Bild: Richard Wheeler/Wikimedia Commons.

Bild: Richard Wheeler/Wikimedia Commons.

Als eine Art Werbung für die Nachrichtenseite eines anderen Wissenschaftsorgans – und um jeden Zweifel auszuräumen, dass ich ein absoluter Technophob bin – veröffentliche ich gerne Informationen über kürzliche pflanzenrelevante DNA-Sequenzierungsaktivitäten (ursprünglich bezogen von den Artikel von Hannah Waters at http://www.the-scientist.com/news/display/58161/), welches beinhaltet: Leptosphaeria maculans (Genomgröße: 45 Millionen Basenpaare, MBP), ein pathogener Ascomyceten-Pilz, der Stammkrebs bei Mitgliedern der Brassicaceae verursacht (zu dieser Familie gehören so wichtige Mitglieder wie Arabidopsis, Raps und Kohl) (Thierry Rouxel et al., Nature Communications veröffentlicht 2: 202; doi:10.1038/ncomms1189); Weizenstammrostpilz, Puccinia graminis (88.6 MBP), zu dem auch der berüchtigte Ug99-Stamm gehört, der derzeit die weltweiten Weizenernten bedroht; und der unpopuläre Pappelblattrostpilz, Melampsora larici-populina (101.1 MBP) (Sébastien Duplessis und Mitarbeiter, PNAS; doi:10.1073/pnas.1019315108).
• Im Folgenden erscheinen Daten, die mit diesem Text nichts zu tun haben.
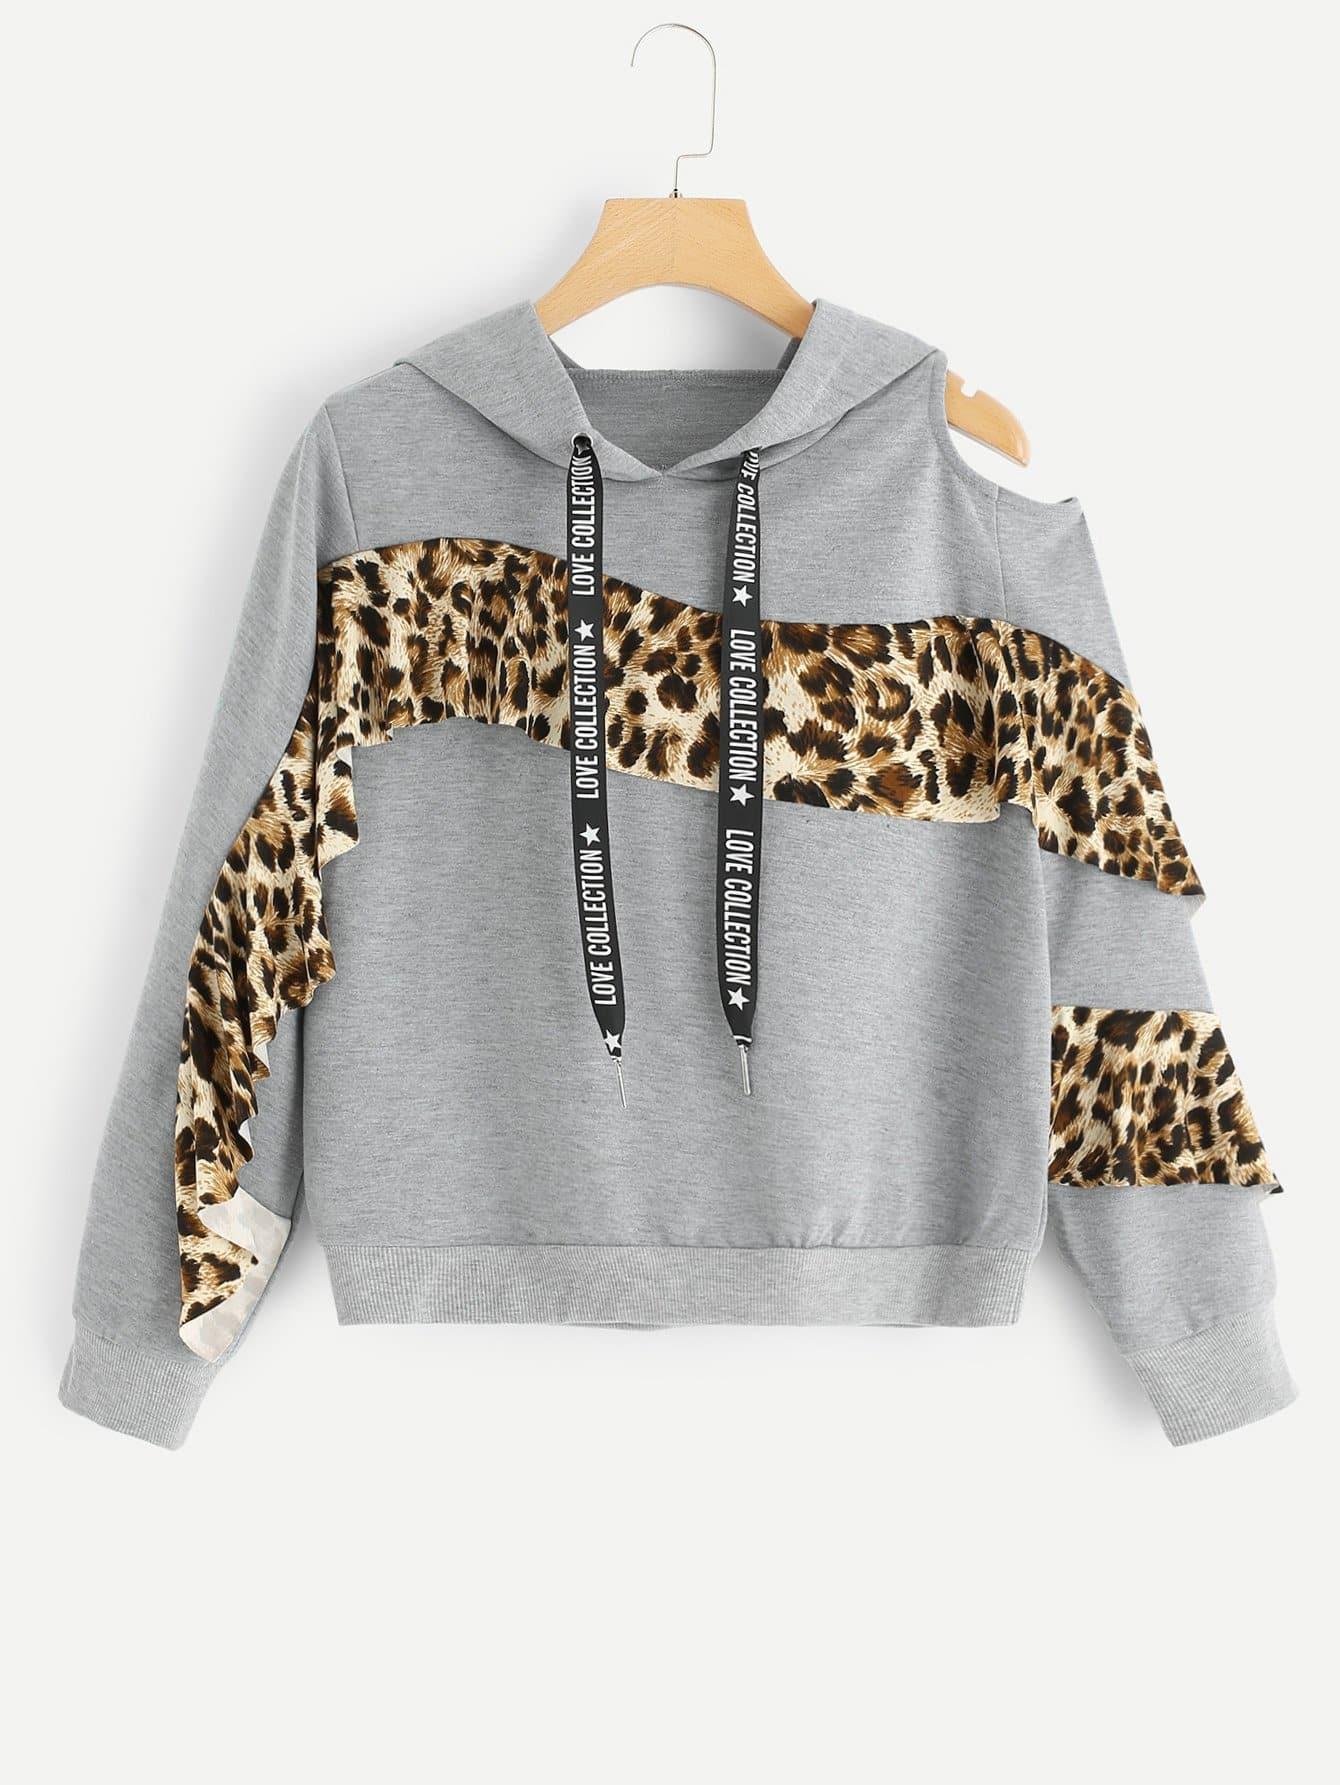 Купить Повседневный Леопард с разрезом Пуловеры Серый Свитшоты, null, SheIn
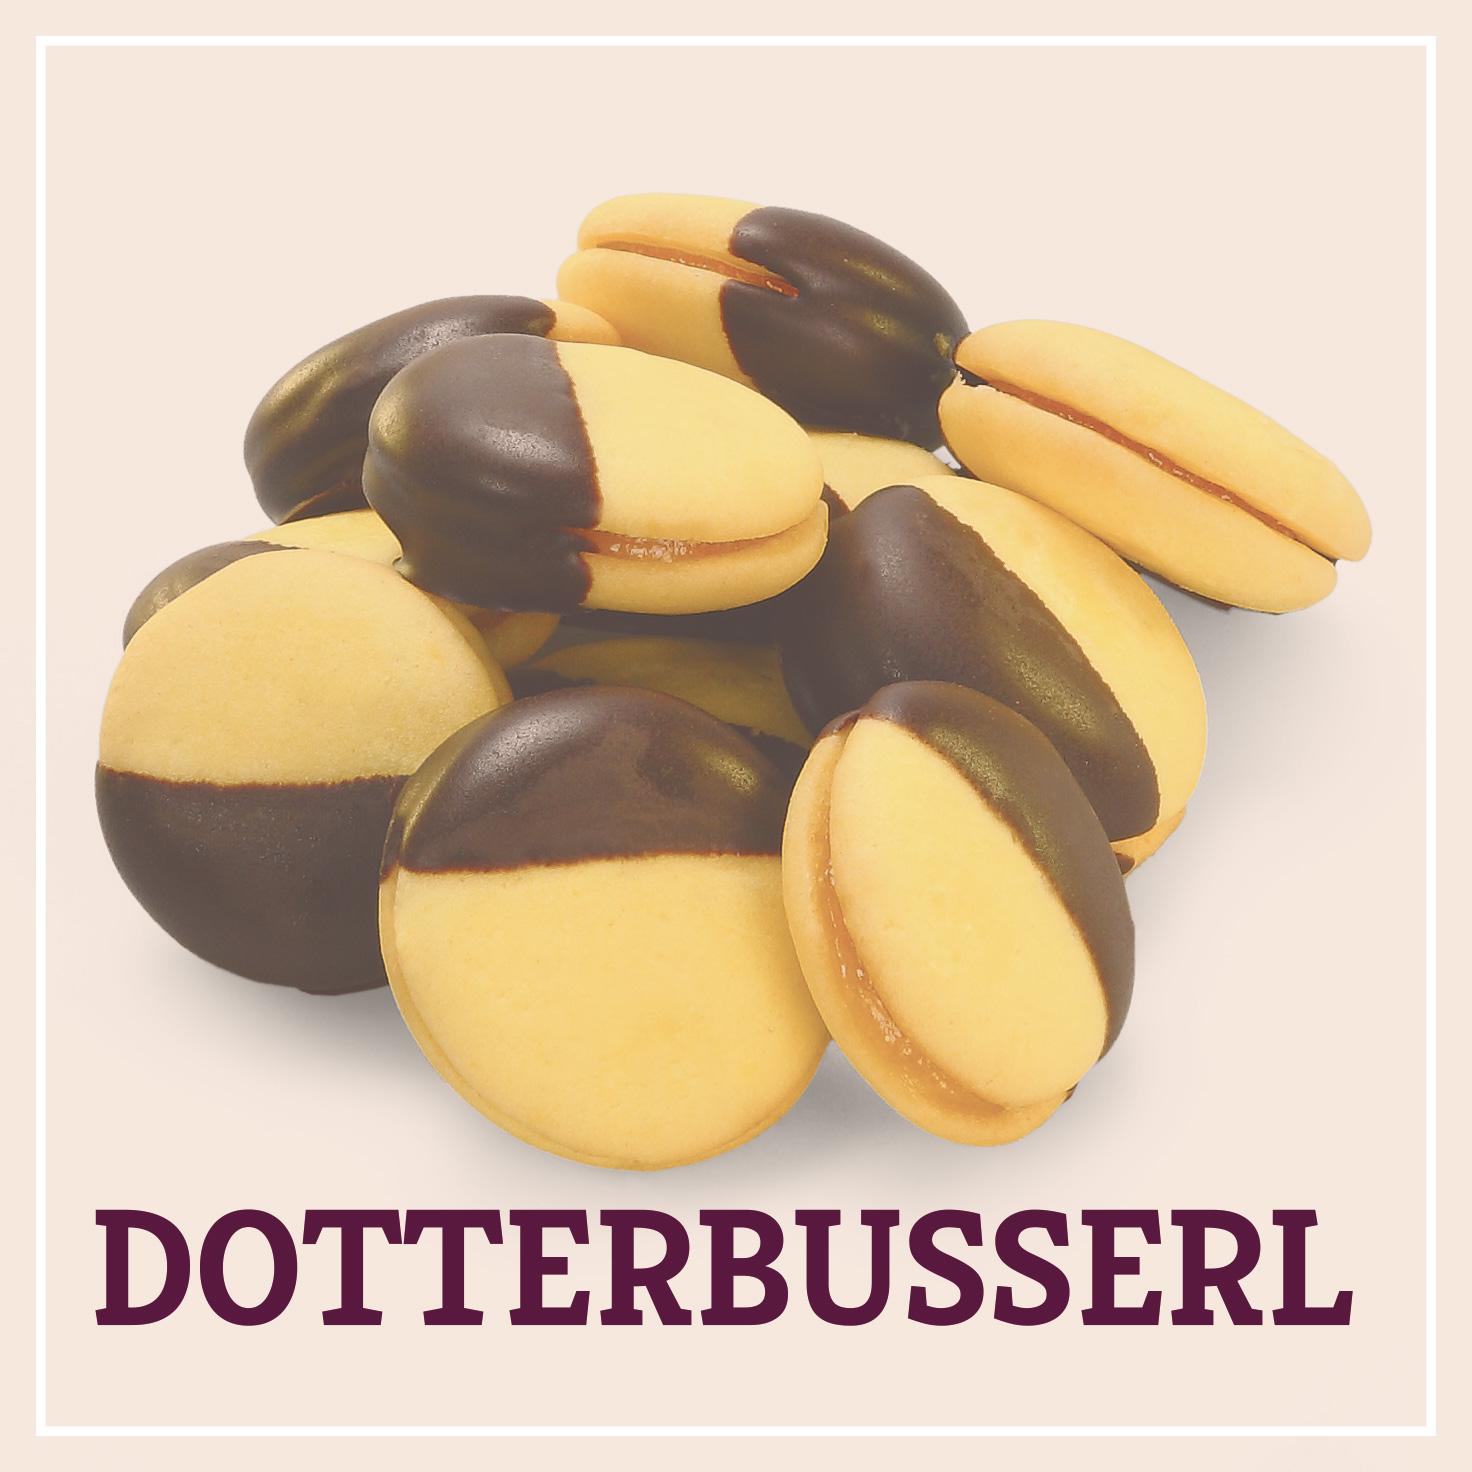 Heiss & Süß - Dotterbusserl

Einzellige Autotrophe bekommen einen Einblick mit Aureococcus anophagefferens (56 MBP), eine schädliche Algenblüte (HAB) verursachende Pelagophytenart (http://en.wikipedia.org/wiki/List_of_eukaryotic_picoplankton_species). Unter Verwendung eines ökogenomischen Ansatzes, Christopher Gobler et al. (PNAS 108: 4352–4357, 2011) zeigen, dass die Alge mehr Gene hat, die an der Lichternte, der Verwendung von organischem Kohlenstoff und Stickstoff beteiligt sind als das konkurrierende Phytoplankton, was ihr vermutlich hilft, zu blühen und die Konkurrenz zu überwältigen. Darüber hinaus wird angenommen, dass Gene für die Synthese mikrobieller Abschreckungsmittel ihre Vermehrung mit verringerten Sterblichkeitsverlusten während der Blüte weiter erleichtern. Und DNA-haltige Organellen werden nicht übersehen: die Chloroplasten von Bryopsis hypnoides (153 000 Basenpaare), eine siphonische Grünalge (Fang Lü et al., PLoS ONE 6: e14663; doi:10.1371/journal.pone.0014663, 2011).